PaolaVE ha scritto il 29-12-2011 ore 18:56
Un poco alla volta, leggendo i vostri articoli, incomincio ad imparare qualche cosa di metereologia.
Ho imparato che gli indici AO e NAO ci dicono che di inverno ne vedremo poco per ora, che questo vortice polare fortissimo tiene per sè tutto il gelo e la neve. Meglio non farsi illusioni, chissà che a fine gennaio o a febbraio non ci siano drastici cambiamenti e che un po' di gelo possa scendere più in basso anche se per quelle date l'inverno sarà oramai agli sgoccioli!

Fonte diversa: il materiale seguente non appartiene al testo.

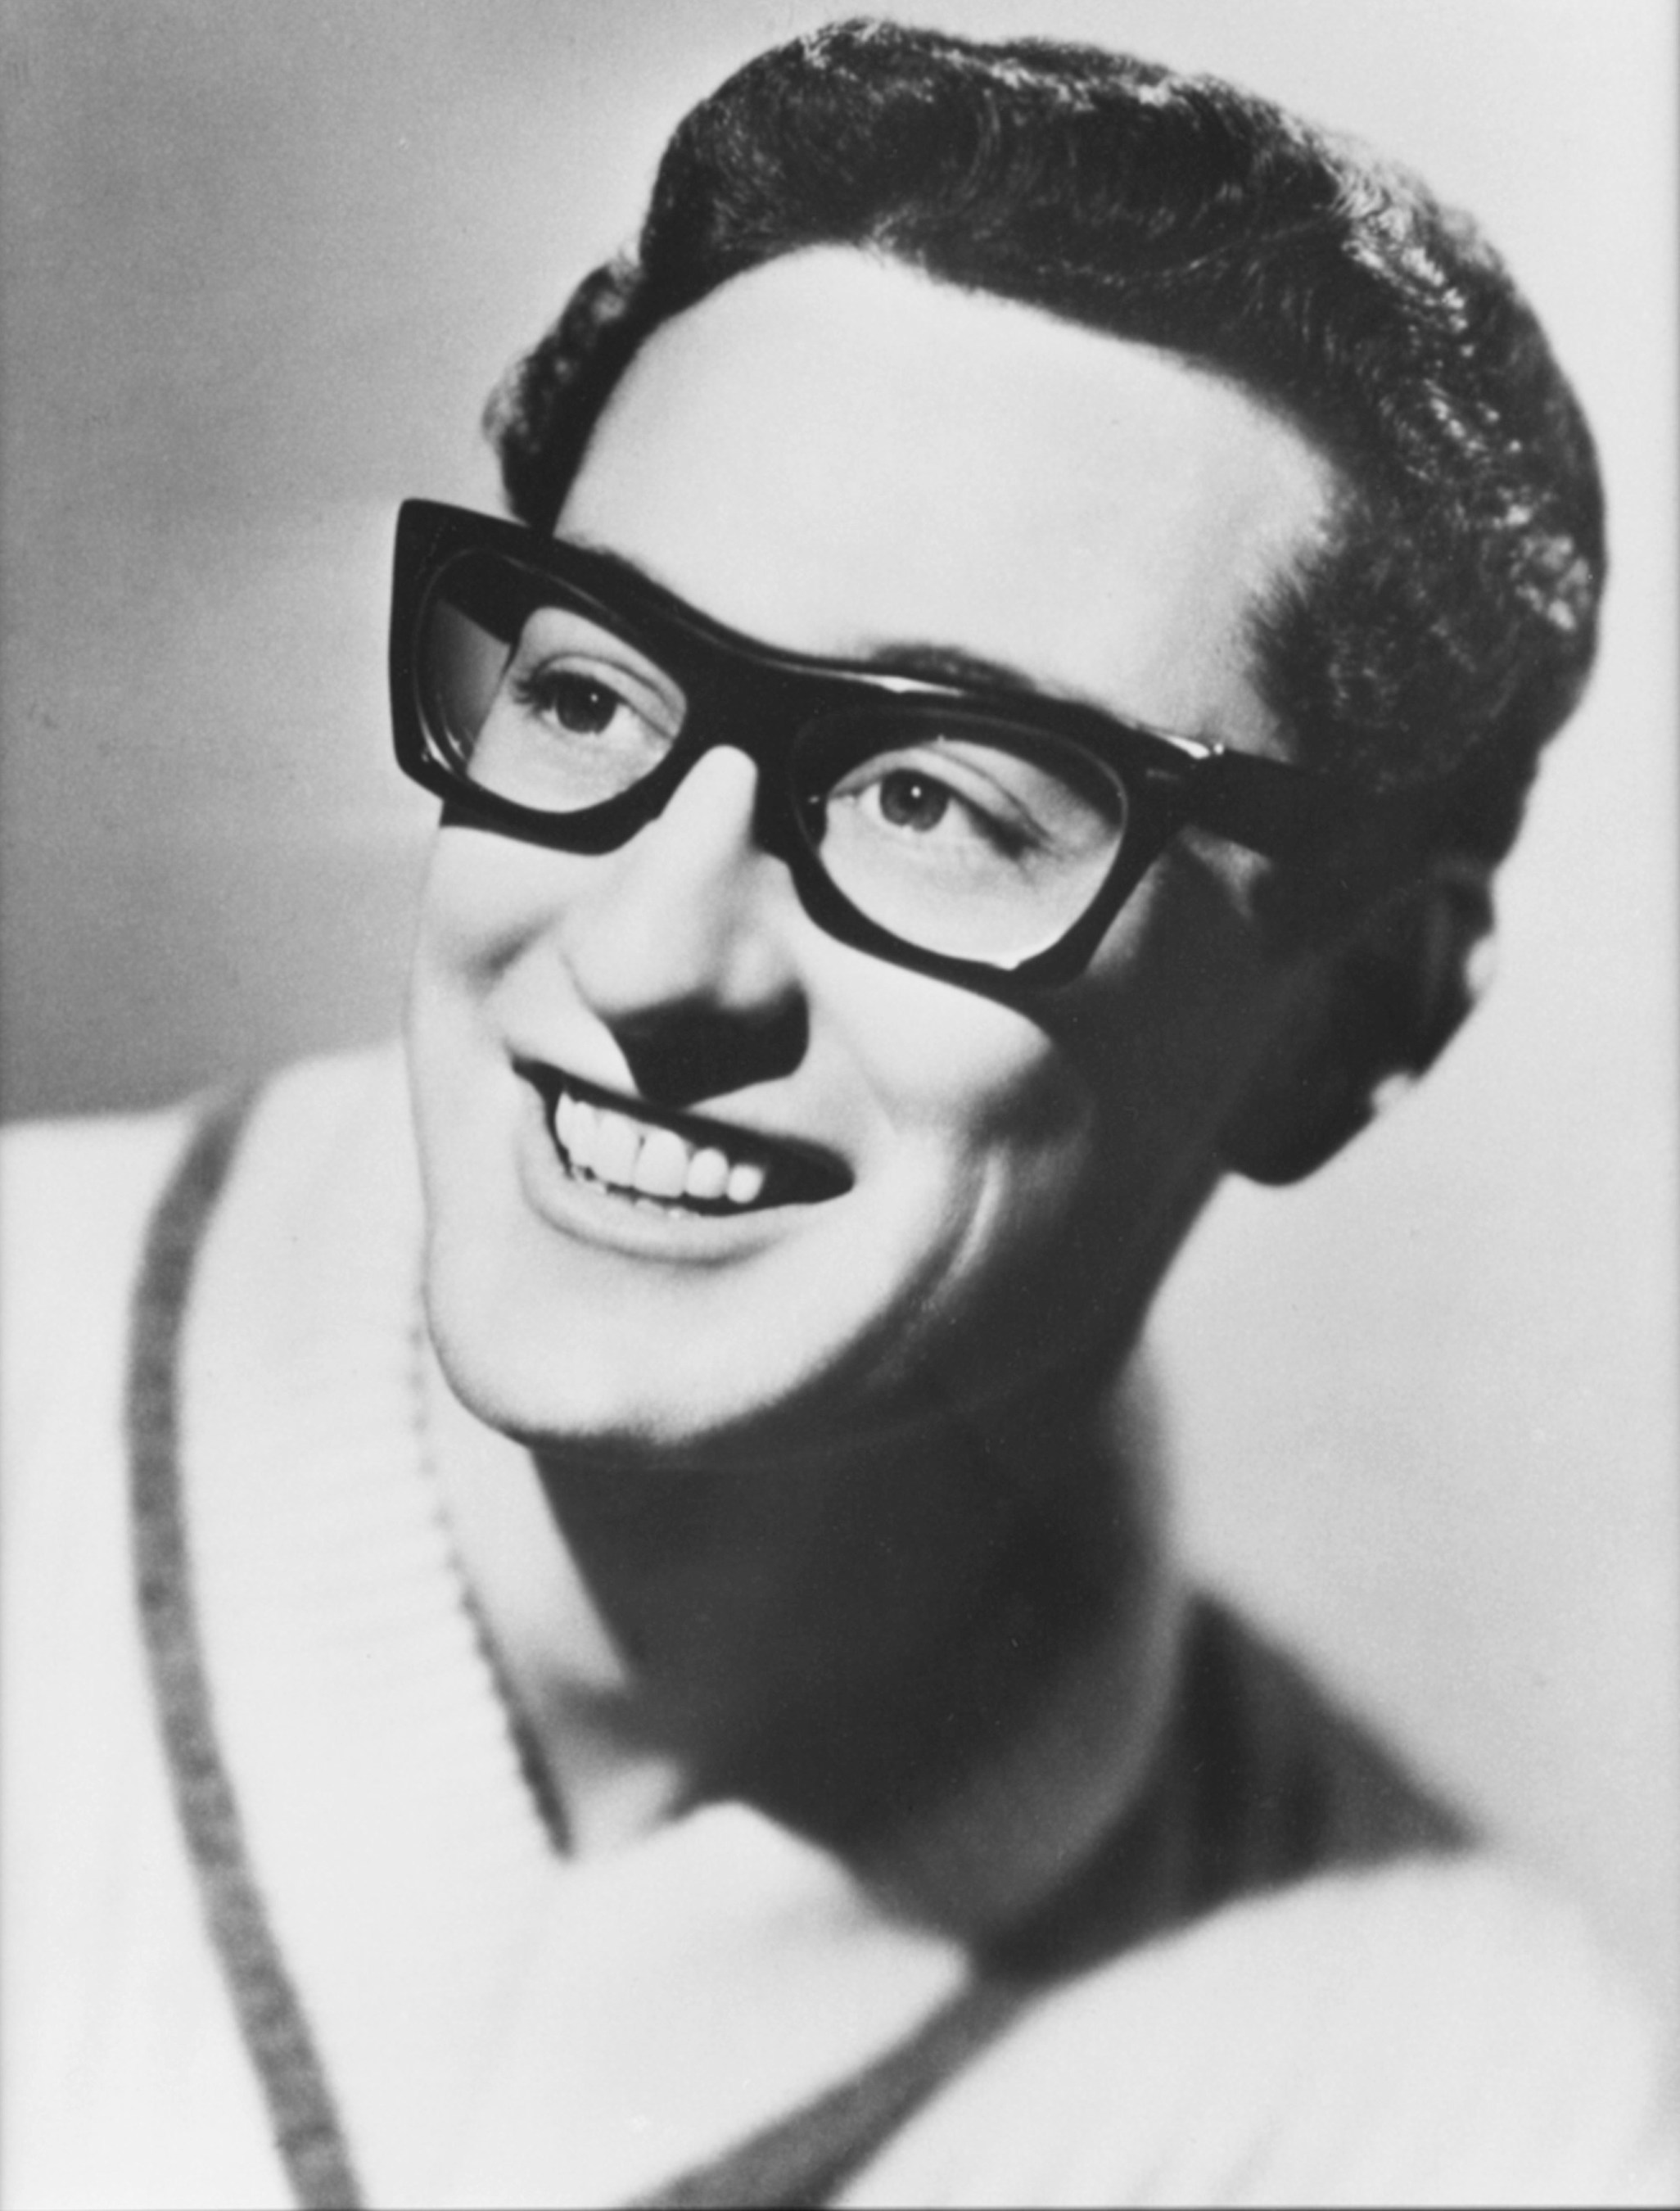 Was buddy holly bisexual

valentino ha scritto il 29-12-2011 ore 18:55
Quindi come già ho avuto modo di affermare è inutile vedere previsioni come quelle di ecmwf che fino all'altro ieri dava un importante irruzzione artico marittima sulle nostre regioni per l'epifania se gli indici climatici parlano chiaramente di un'impossibilità al verificarsi di ciò e bisogna sempre valutare le due cose assieme cioè la previsione dei modelli (meglio gfs) comparata con gli indici climatici, solo così le previsioni possono essere piu realistiche. Saluti alla redazione :)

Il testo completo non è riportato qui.